The SAM suite consists of three instruments:
1. The quadrupole mass spectrometer (QMS) detects gases sampled from the atmosphere or those released from solid samples by heating.
2. The gas chromatograph (GC) is used to separate out individual gases from a complex mixture into molecular components. The resulting gas flow is analyzed in the mass spectrometer with a mass range of 2–535 daltons.
3. The tunable laser spectrometer (TLS) performs precision measurements of oxygen and carbon isotope ratios in carbon dioxide (CO_{2}) and methane (CH_{4}) in the atmosphere in order to distinguish between their geochemical or biological origin.

==Subsystems==
The SAM has three subsystems: the 'chemical separation and processing laboratory', for enrichment and derivatization of the organic molecules of the sample; the sample manipulation system (SMS) for transporting powder delivered from the MSL drill to a SAM inlet and into one of 74 sample cups. The SMS then moves the sample to the SAM oven to release gases by heating to up to 1000 °C; and the pump subsystem to purge the separators and analysers. Of the 74 sample cups, 6 are used for calibration, 9 are reserved for 'wet chemistry' experiments, and 59 are dry cups for standard use (for use in Evolved Gas Analysis experiments). The wet and dry cups are single-use to prevent contamination; 29 of the dry cups had been used by February 2017. There are two types of wet chemistry experiments, tetramethylammonium hydroxide (TMAH; 2 cups) and N-methyl-N-(tert-butyldimethylsilyl)trifluoroacetamide (MTBSTFA; 7 cups), of which 1 TMAH and 3 MTBSTFA have been used as of January 2025.
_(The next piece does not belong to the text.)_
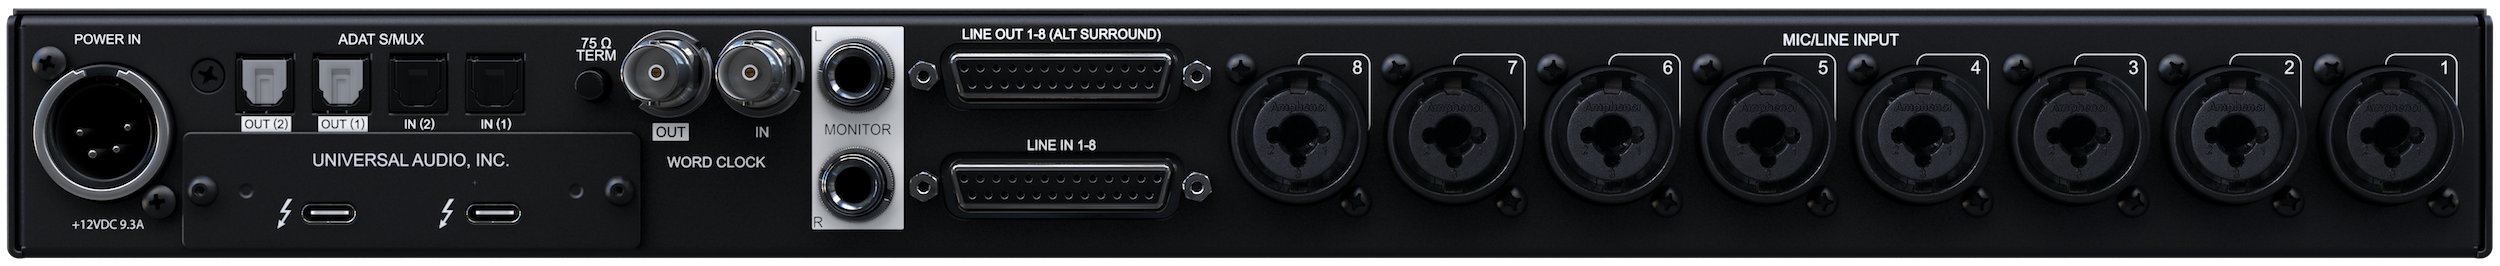 Universal Audio Apollo X8p Heritage Edition - Thunderbolt audio interface - Variation 1

The Space Physics Research Laboratory at the University of Michigan built the main power supply, command and data handling unit, valve and heater controller, filament/bias controller, and high voltage module. The uncooled infrared detectors were developed and provided by the Polish company VIGO Photonics.

==Timeline==
- 9 November 2012: A pinch of fine sand and dust became the first solid Martian sample deposited into the SAM. The sample came from the patch of windblown material called Rocknest, which had provided a sample previously for mineralogical analysis by CheMin instrument.
- 3 December 2012: NASA reported SAM had detected water molecules, chlorine and sulphur in soil. Hints of organic compounds couldn't be ruled out as contamination from Curiosity itself, however.
- 16 December 2014: NASA reported the Curiosity rover detected a "tenfold spike", likely localized, in the amount of methane in the Martian atmosphere in Gale Crater. Sample measurements taken "a dozen times over 20 months" showed increases in late 2013 and early 2014, averaging "7 parts of methane per billion in the atmosphere." Before and after that, readings averaged around one-tenth that level. In addition, high levels of organic chemicals, particularly chlorobenzene, were detected in powder drilled from one of the rocks, named "Cumberland", analyzed by the Curiosity rover.
- 24 March 2015: NASA reported the first detection of nitrogen released after heating surface sediments on the planet Mars. The nitrogen in nitrate is in a "fixed" state, meaning that it is in an oxidized form that can be used by living organisms. The discovery supports the notion that ancient Mars may have been habitable for life.
- 4 April 2015: NASA reported studies, based on measurements by the Sample Analysis at Mars (SAM) instrument on the Curiosity rover, of the Martian atmosphere using xenon and argon isotopes. Results provided support for a "vigorous" loss of atmosphere early in the history of Mars and were consistent with an atmospheric signature found in bits of atmosphere captured in some Martian meteorites found on Earth.
- 9 September 2020: The first TMAH wet chemistry experiment was performed.
- 15 November 2020: NASA scientists including Joanna V. Clark were able to replicate a Mars simulant based soil using SAM, on Earth called JSC-Rocknest which is being used for a series of tests including heating it to different temperatures to determine its water re-absorption rate and ability to be broken down into compounds needed for liveable conditions.
- 1 November 2021: Astronomers reported detecting, in a "first-of-its-kind" process based on SAM instruments, organic molecules, including benzoic acid, ammonia and other related unknown compounds.
- 21 April 2026: Scientists report the detection of over 20 organic molecules from the 2020 TMAH experiment.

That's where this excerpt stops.